• _What needs to be done_
In the entries that follow, find the line containing "CHIN1 Chef Knife" and the line containing "brand brand identity", then copy exactly everything from the first through the second except the pictures.

Recorded information Block Start

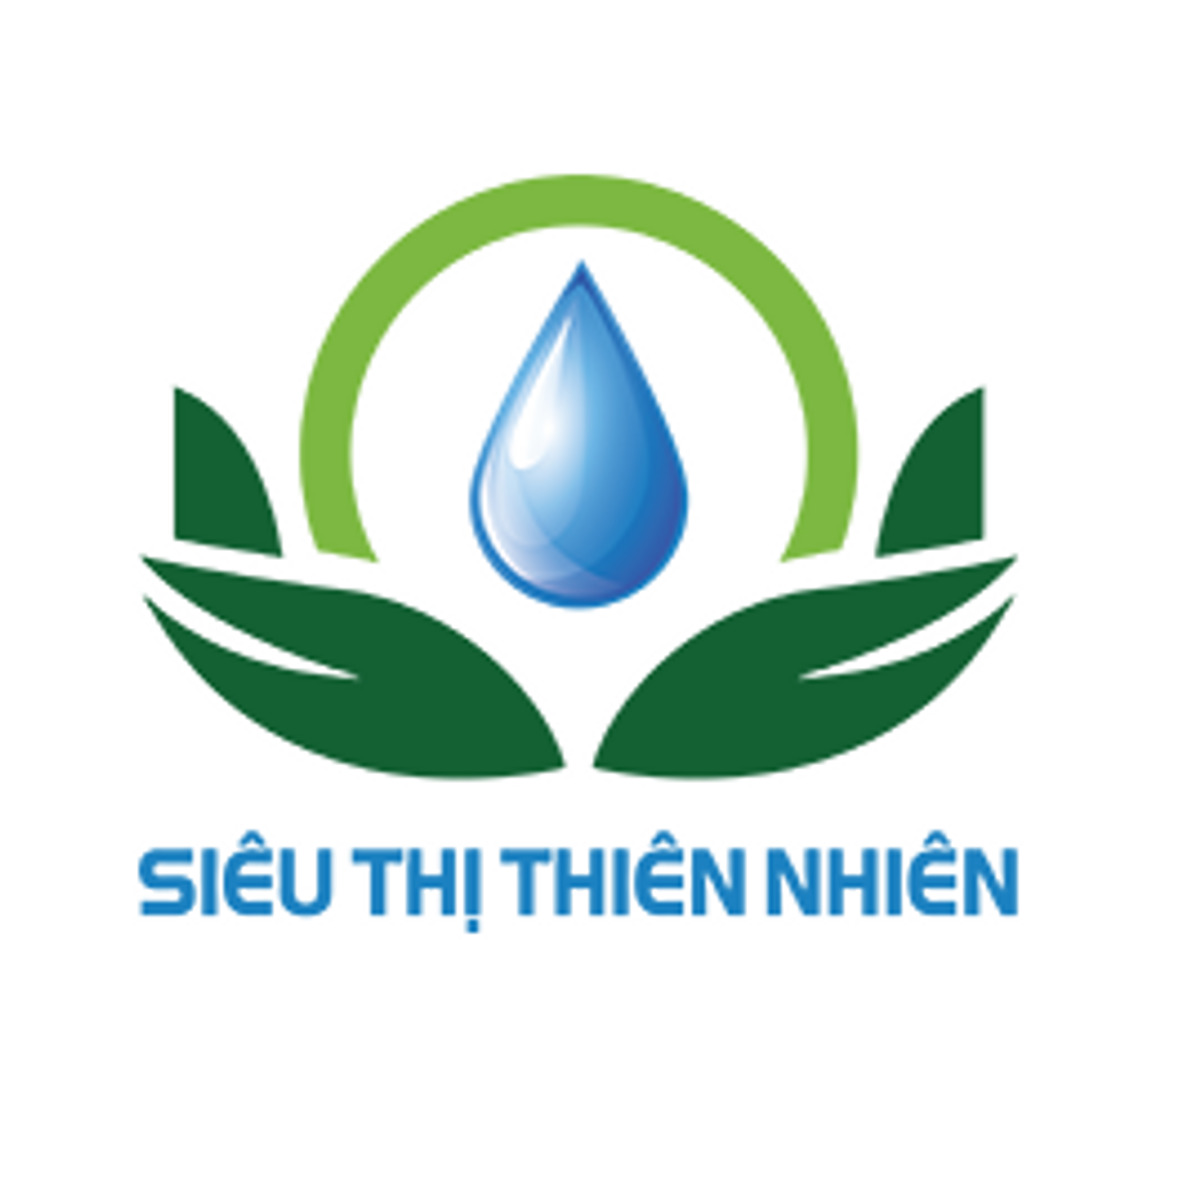 Siêu Thị Thiên Nhiên logo
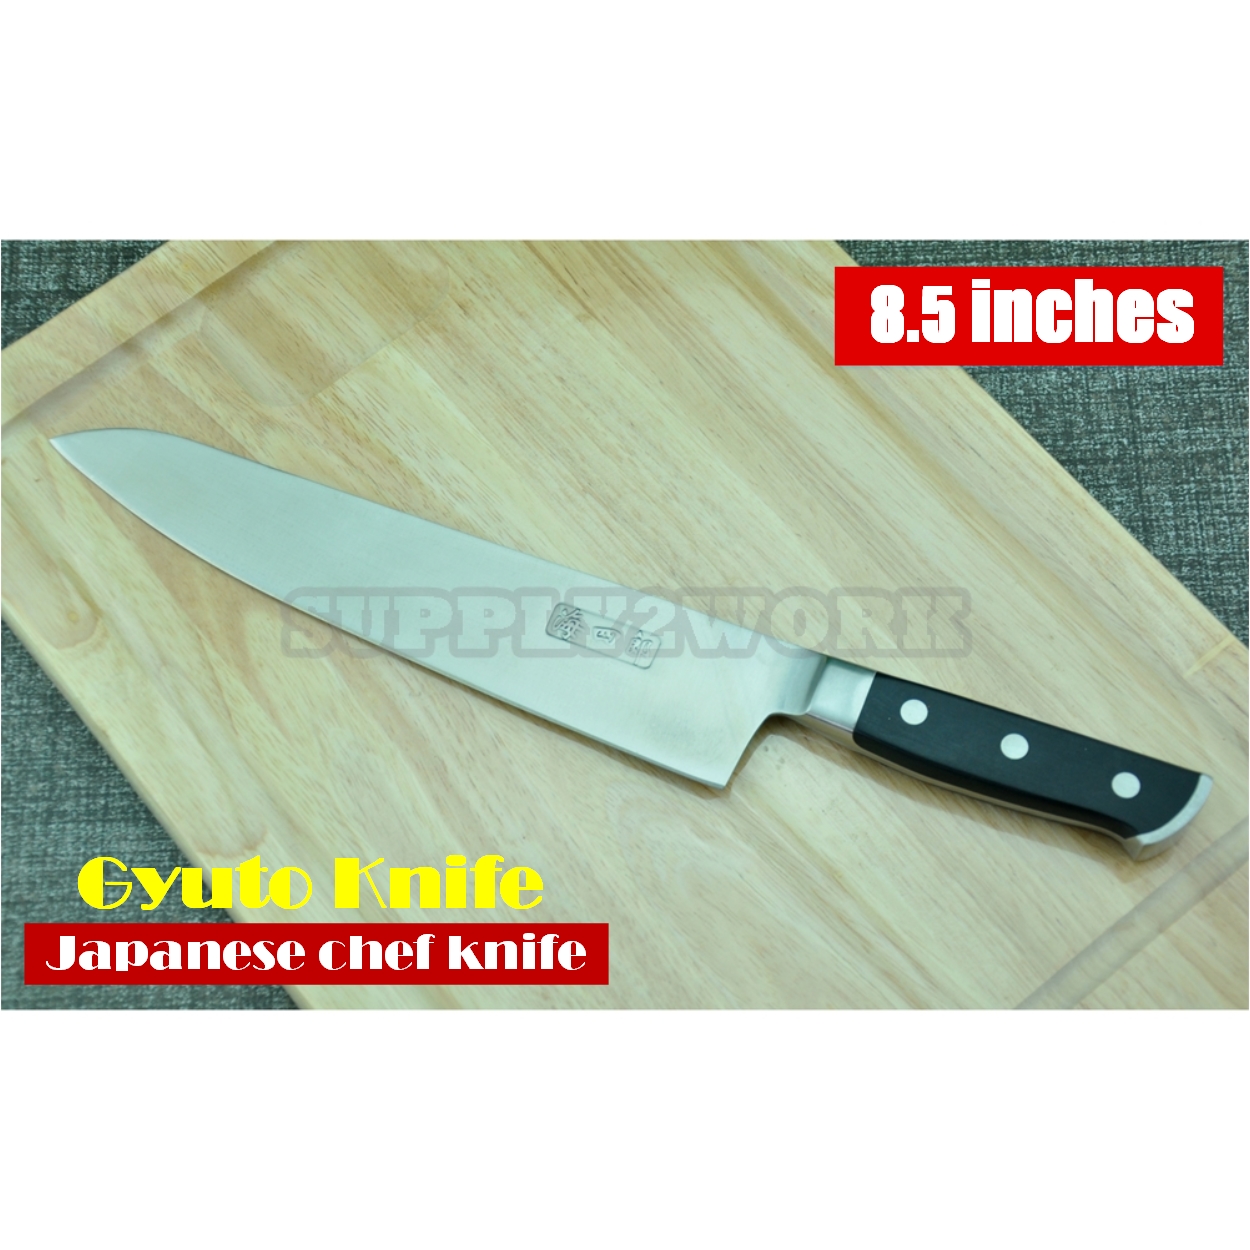 CHIN1 Chef Knife มีดเชฟญี่ปุ่น มีดกิวโต (Gyuto knife) มีดครัว ใบมีดสแตนเลส ขนาดใบมีด 8.5 นิ้ว
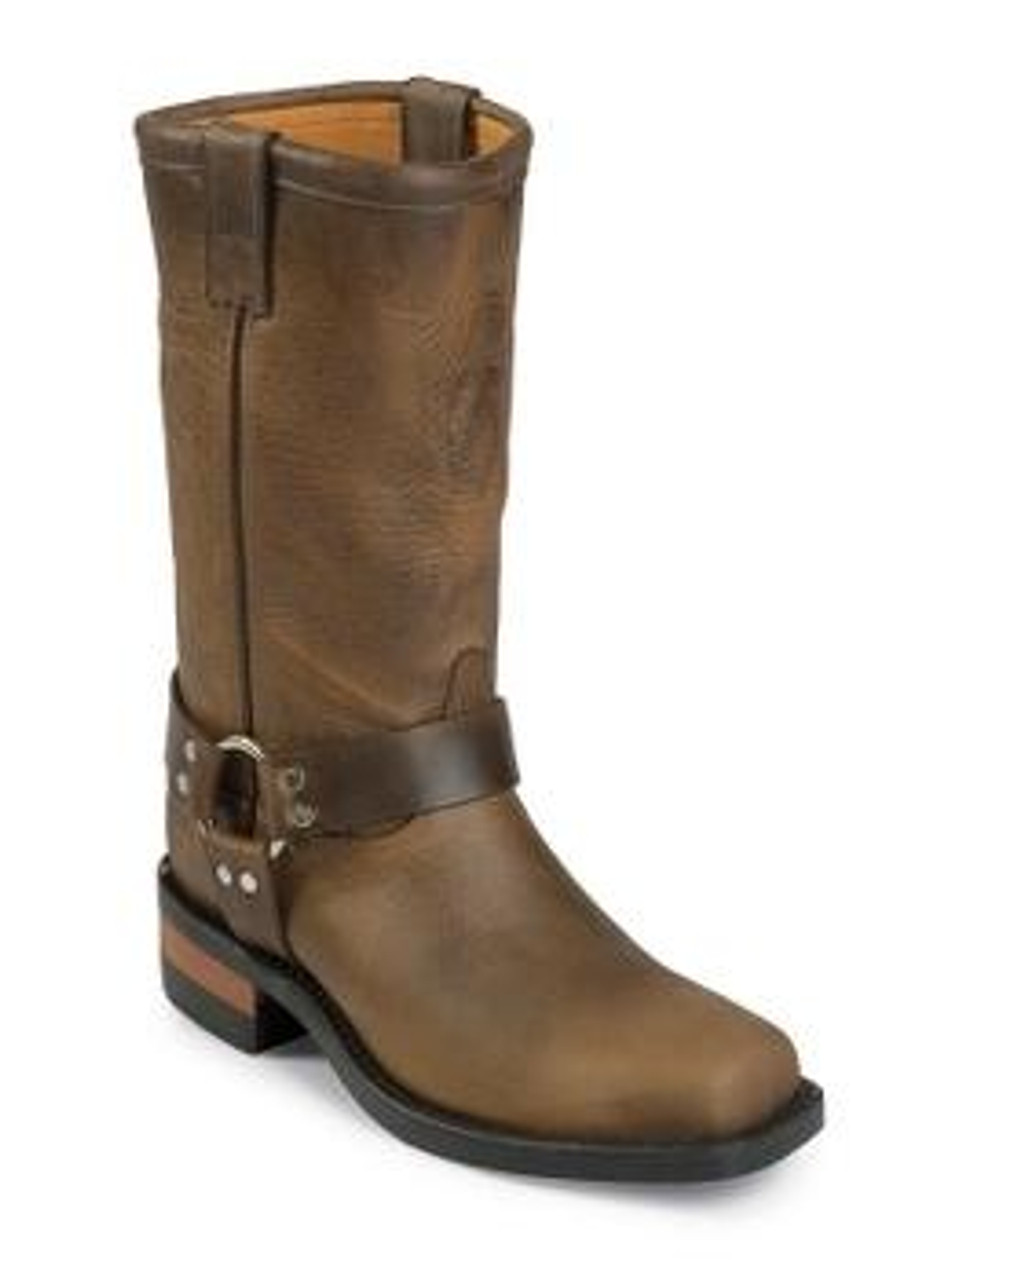 chippewa harness boots 97868
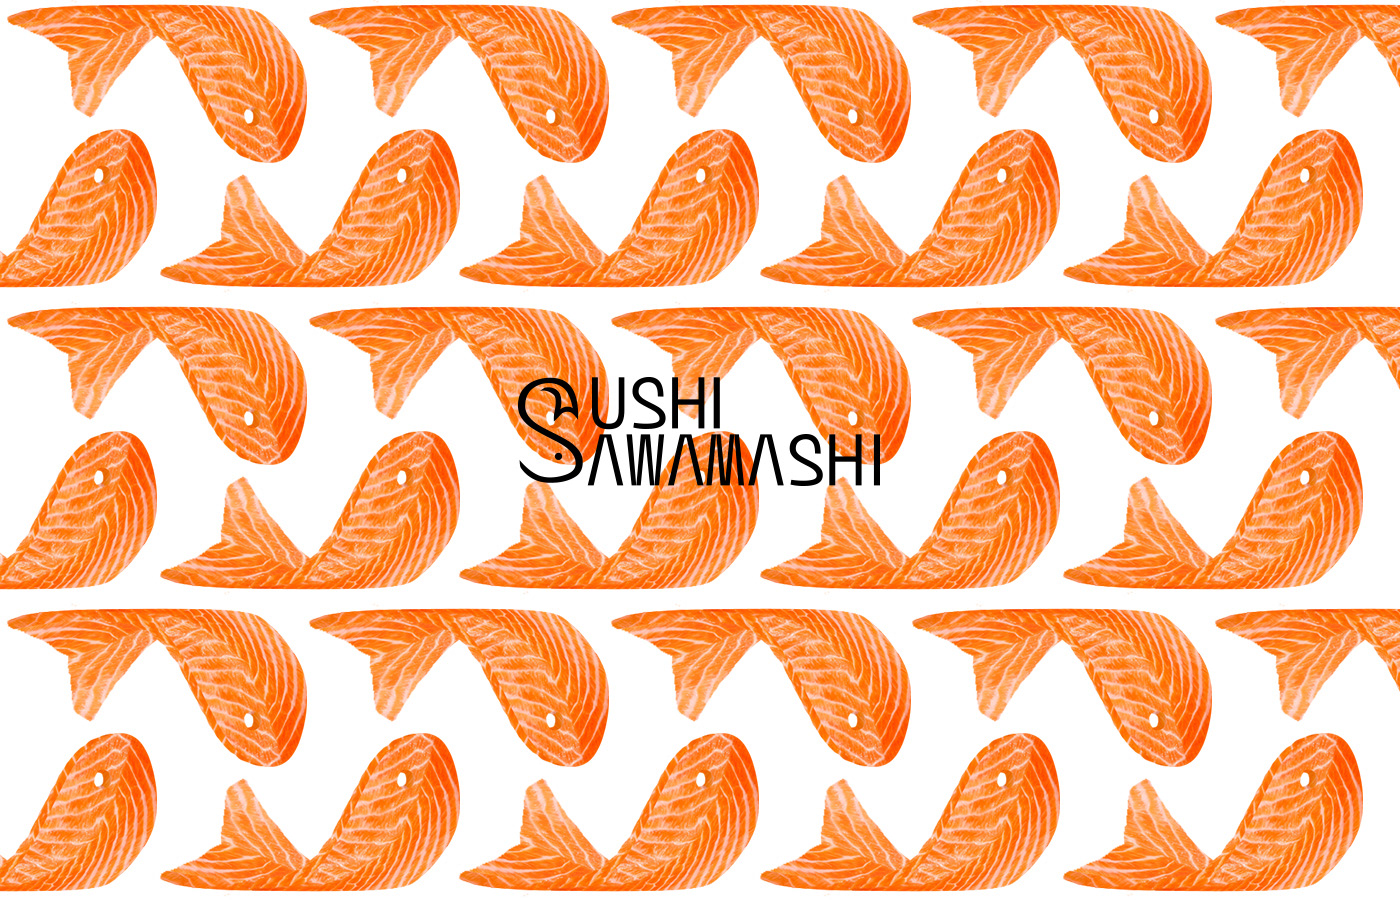 brand brand identity identity mondaycreative mondaystudio Packaging Sushi vietnamdesigner visual identity vupham
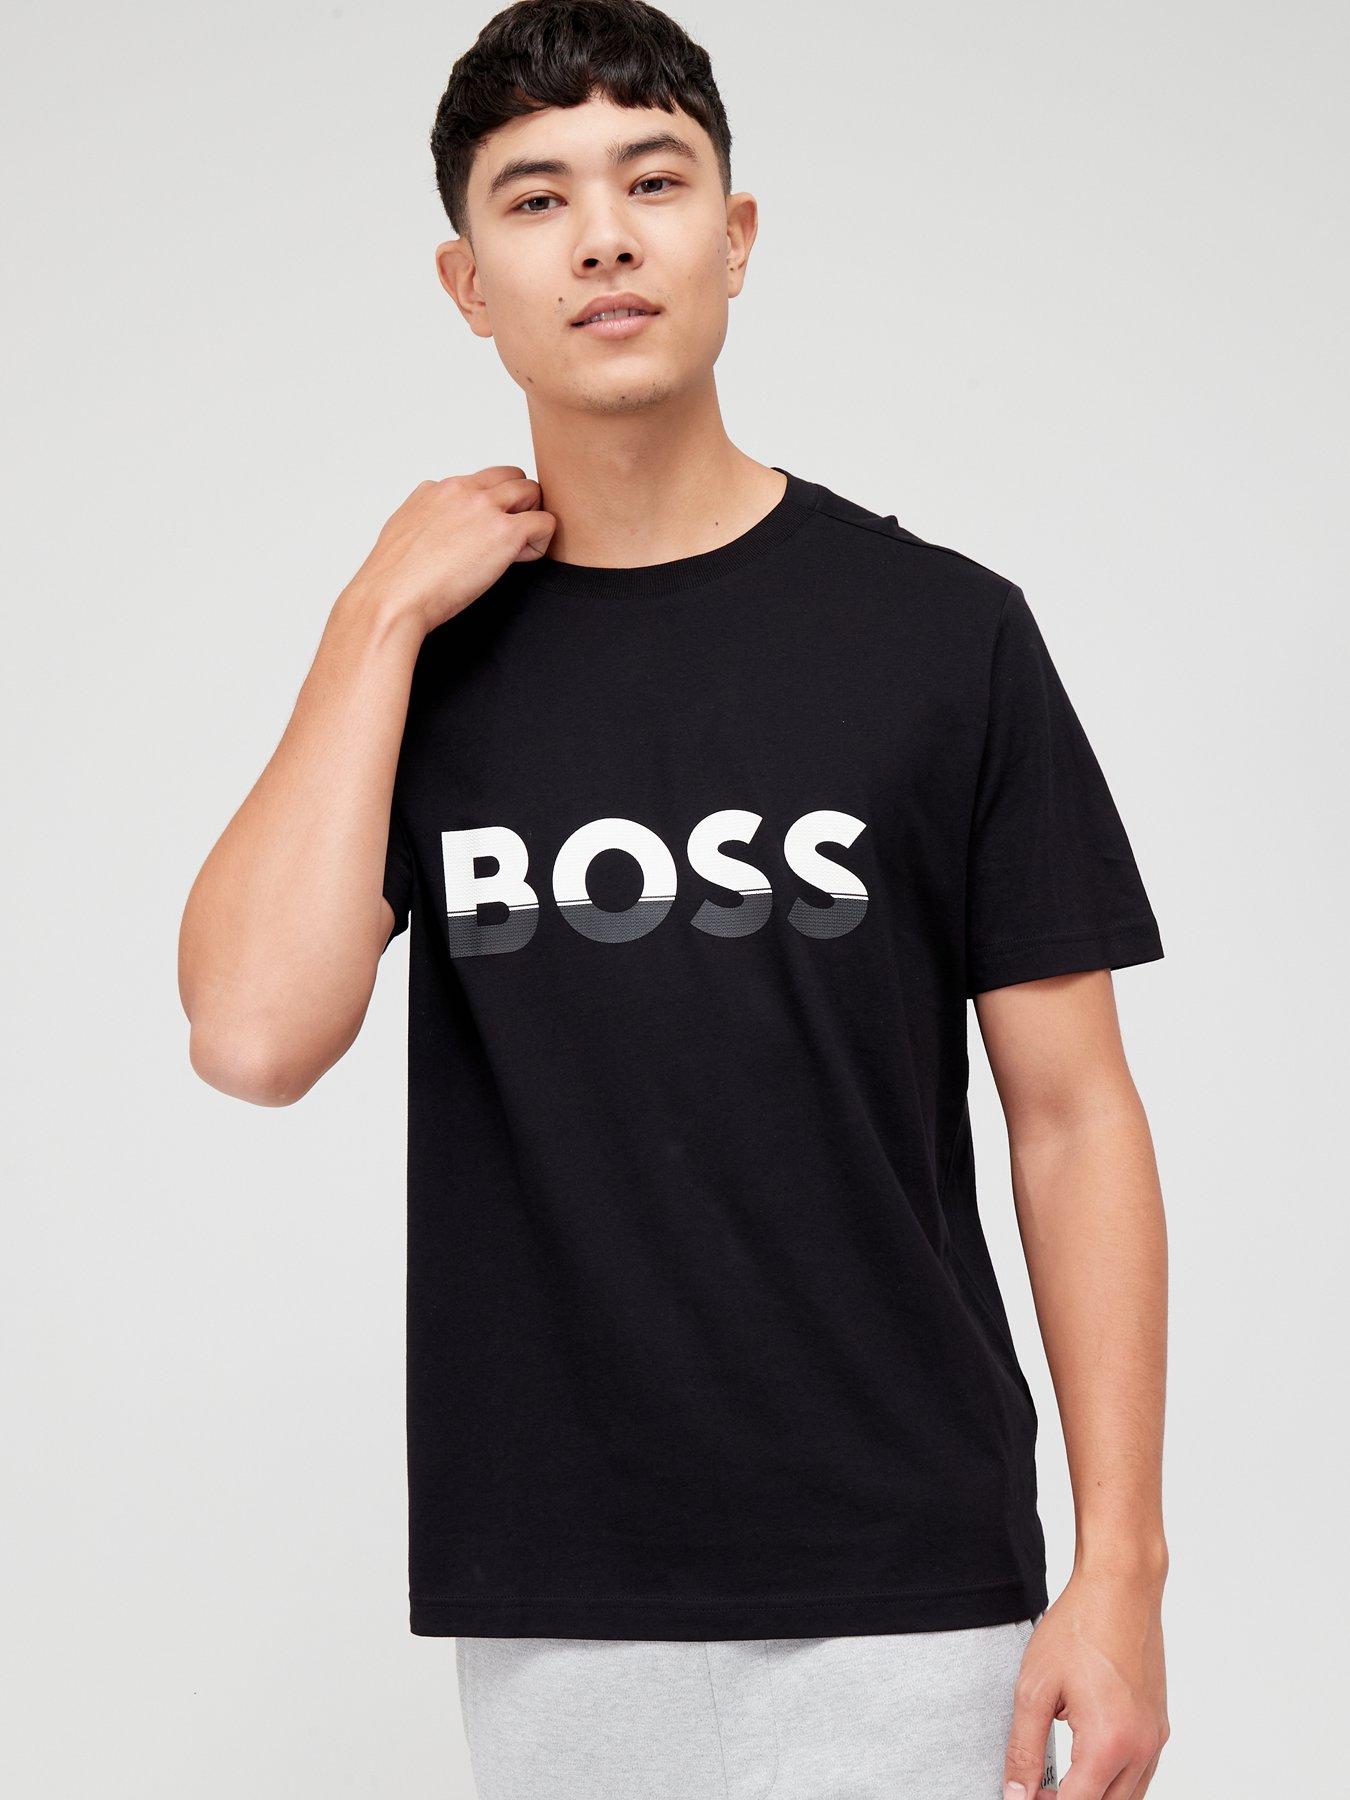 Polo HUGO BOSS 2 M Men Clothing Hugo Boss Men T-shirts & Polos Hugo Boss Men Polos Hugo Boss Men Polos Hugo Boss Men black

Recorded information Block End

• _Result_
 CHIN1 Chef Knife มีดเชฟญี่ปุ่น มีดกิวโต (Gyuto knife) มีดครัว ใบมีดสแตนเลส ขนาดใบมีด 8.5 นิ้ว
 chippewa harness boots 97868
 brand brand identity identity mondaycreative mondaystudio Packaging Sushi vietnamdesigner visual identity vupham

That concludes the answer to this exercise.